START RECORDED DATA

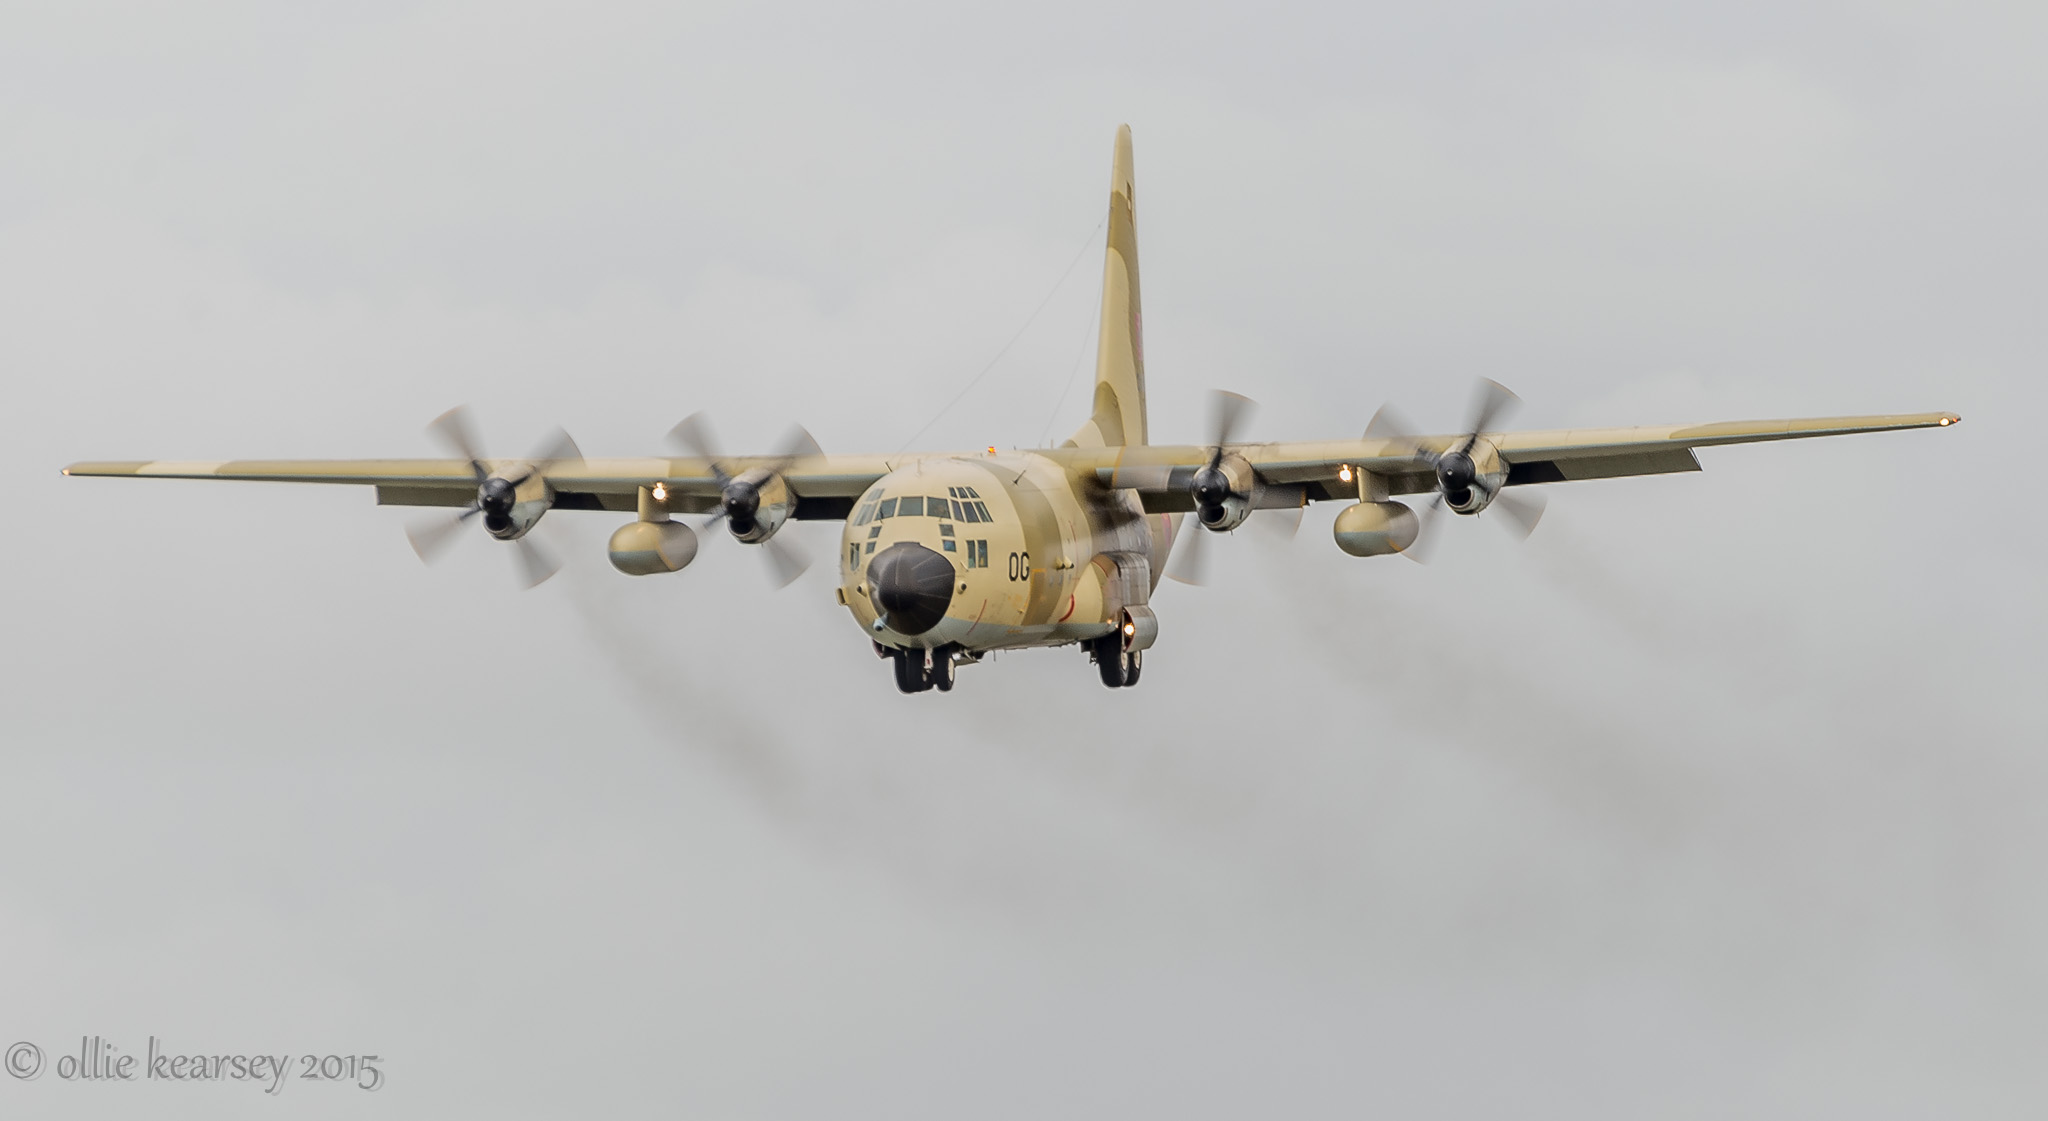 FRA: Photos d'avions de transport - Page 21 16685939622_d332f57795_o
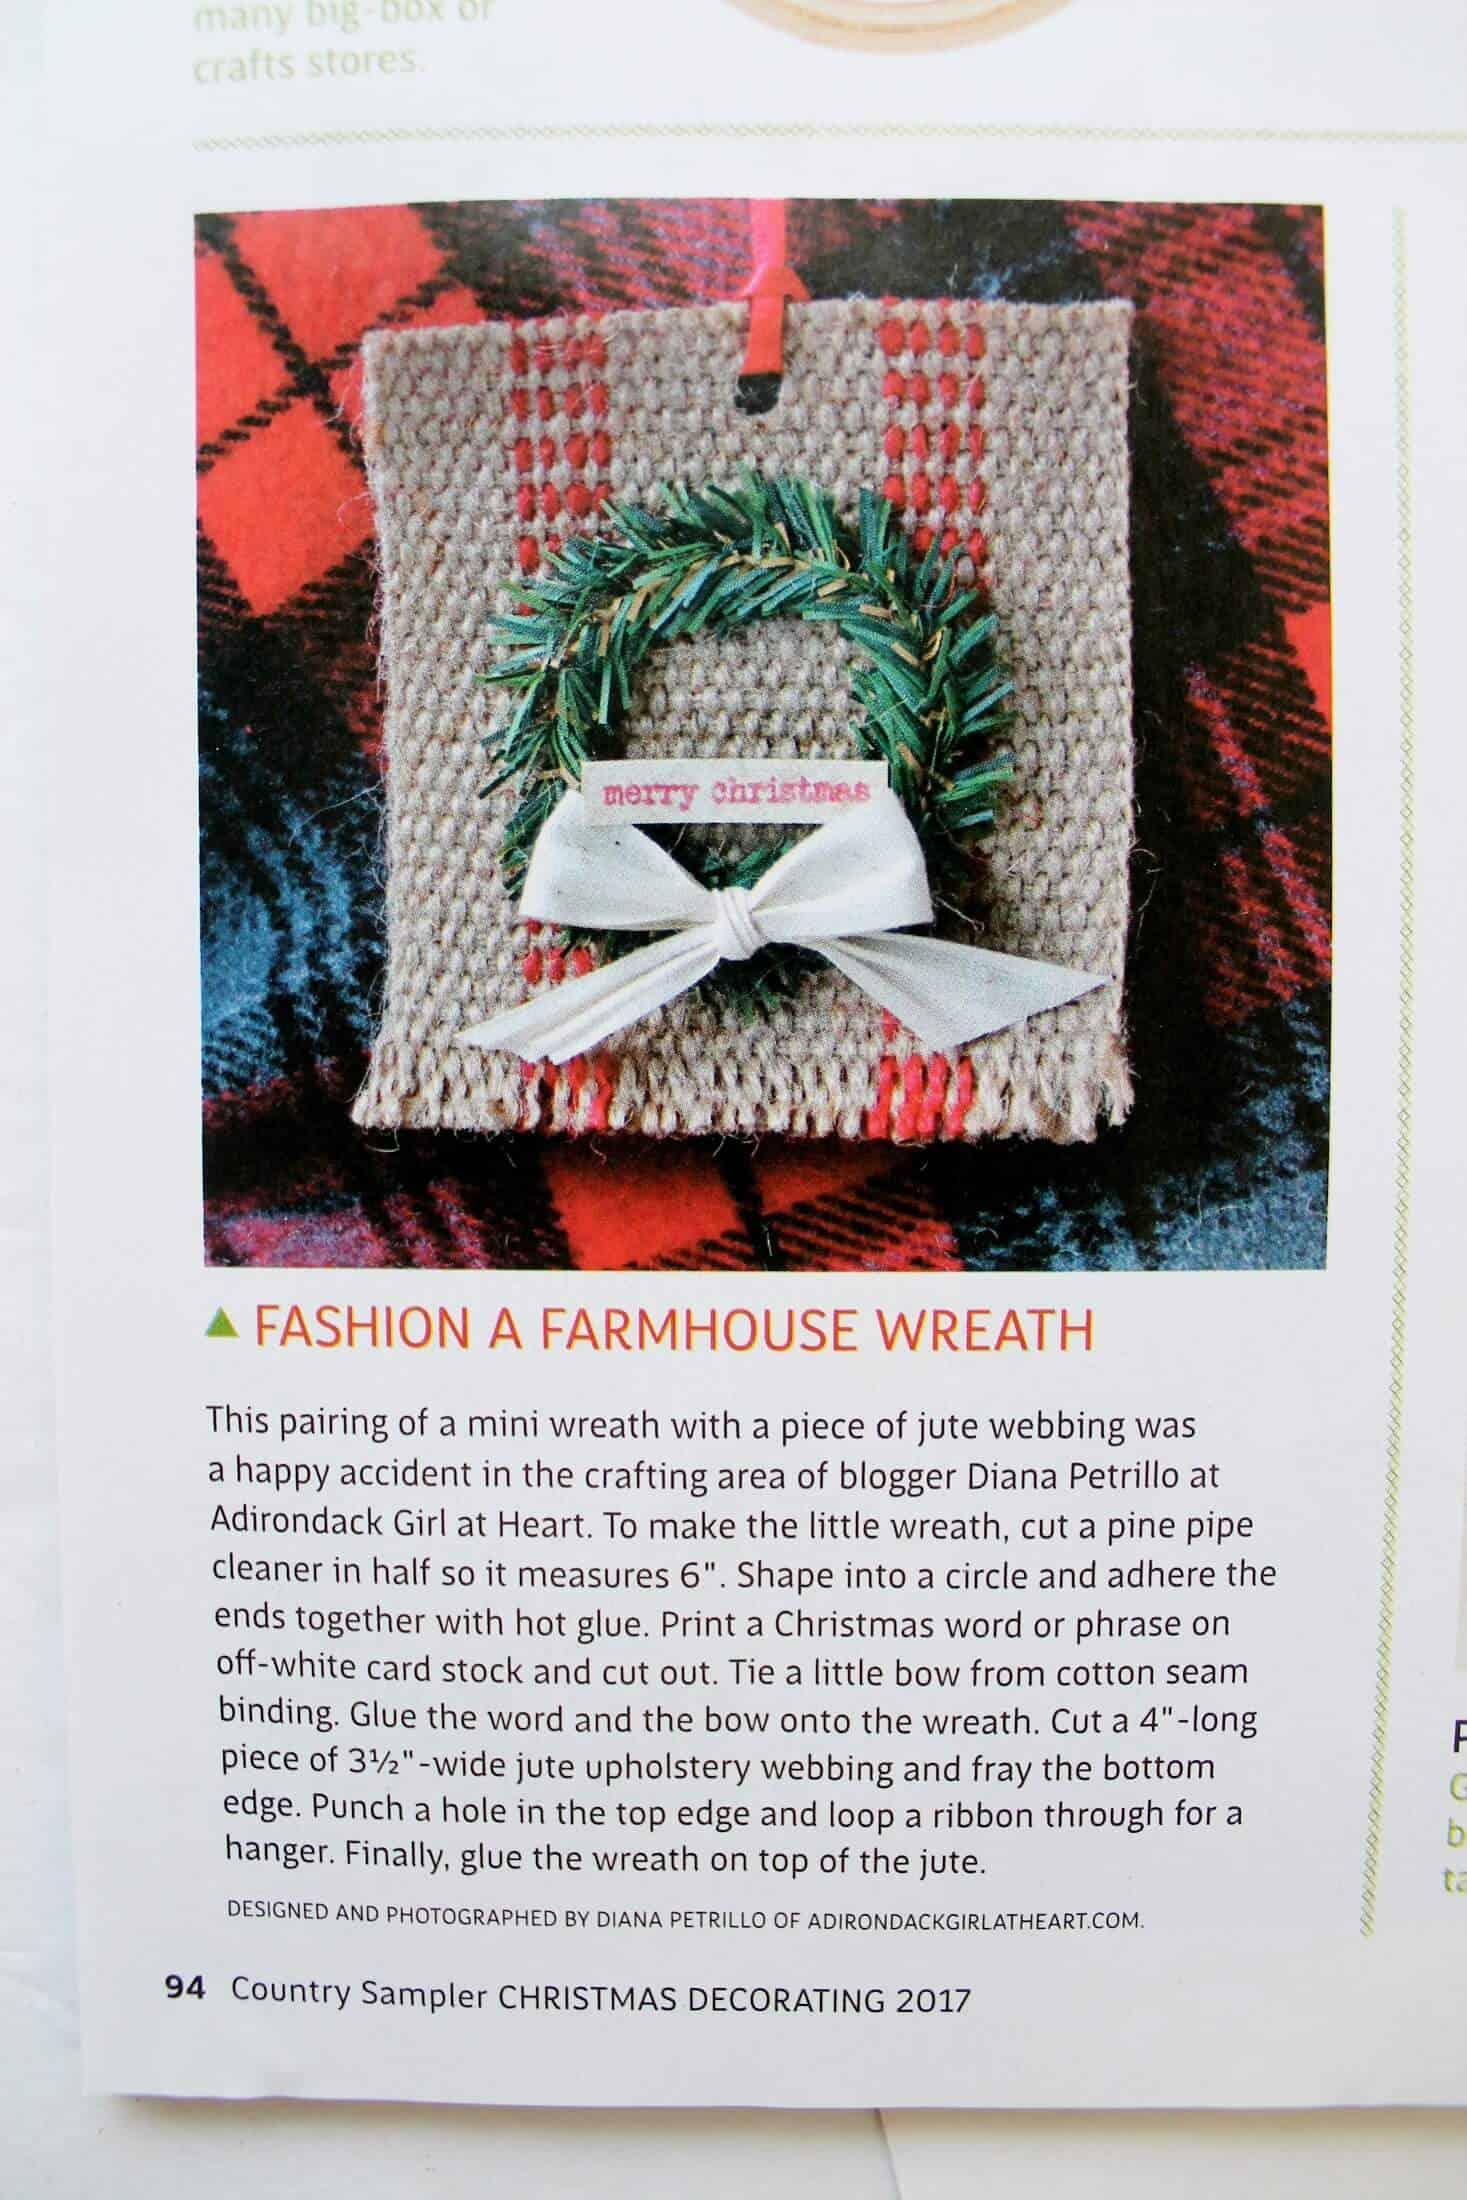 magazine article with farmhouse ornament
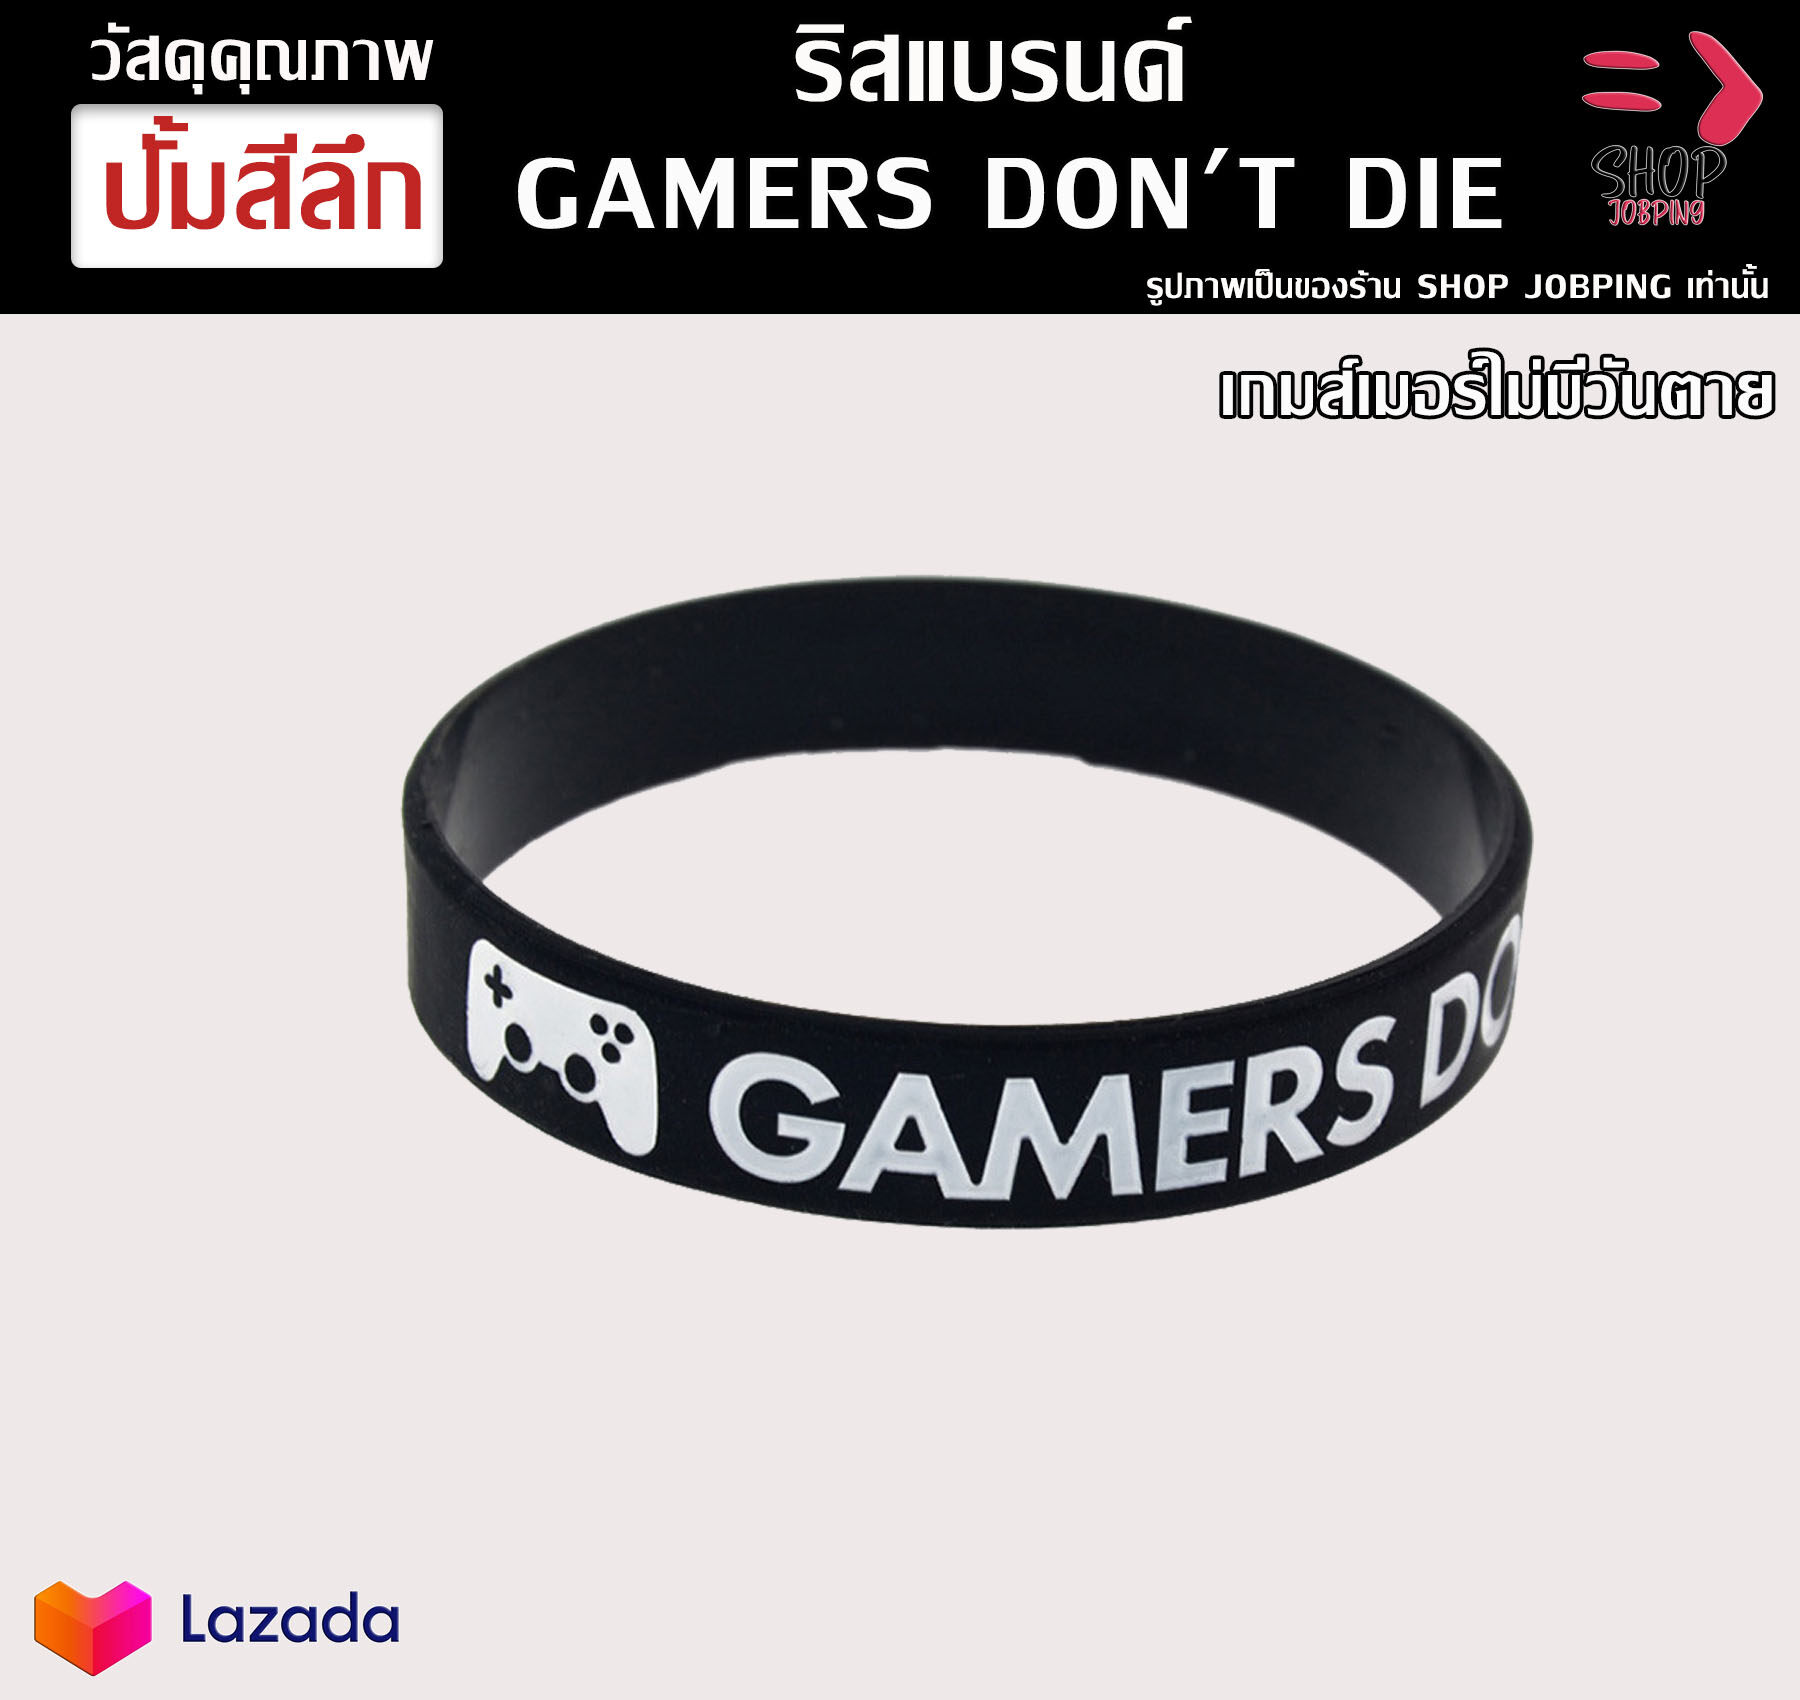 Gamers Dont Die ริสแบนด์ เกมส์เมอร์ไม่มีวันตาย ปั๊มลึกสีคมชัด Wristband ริสแบนด์สำหรับเกมส์เมอร์ ริสแบนด์สำหรับคนชอบเล่นเกมส์.

END RECORDED DATA

§ EXERCISE DIRECTIONS:
Reproduce the listing verbatim, and keep the pictures out of the copy.

§ TASK RESPONSE:
 FRA: Photos d'avions de transport - Page 21 16685939622_d332f57795_o
 magazine article with farmhouse ornament
 Gamers Dont Die ริสแบนด์ เกมส์เมอร์ไม่มีวันตาย ปั๊มลึกสีคมชัด Wristband ริสแบนด์สำหรับเกมส์เมอร์ ริสแบนด์สำหรับคนชอบเล่นเกมส์.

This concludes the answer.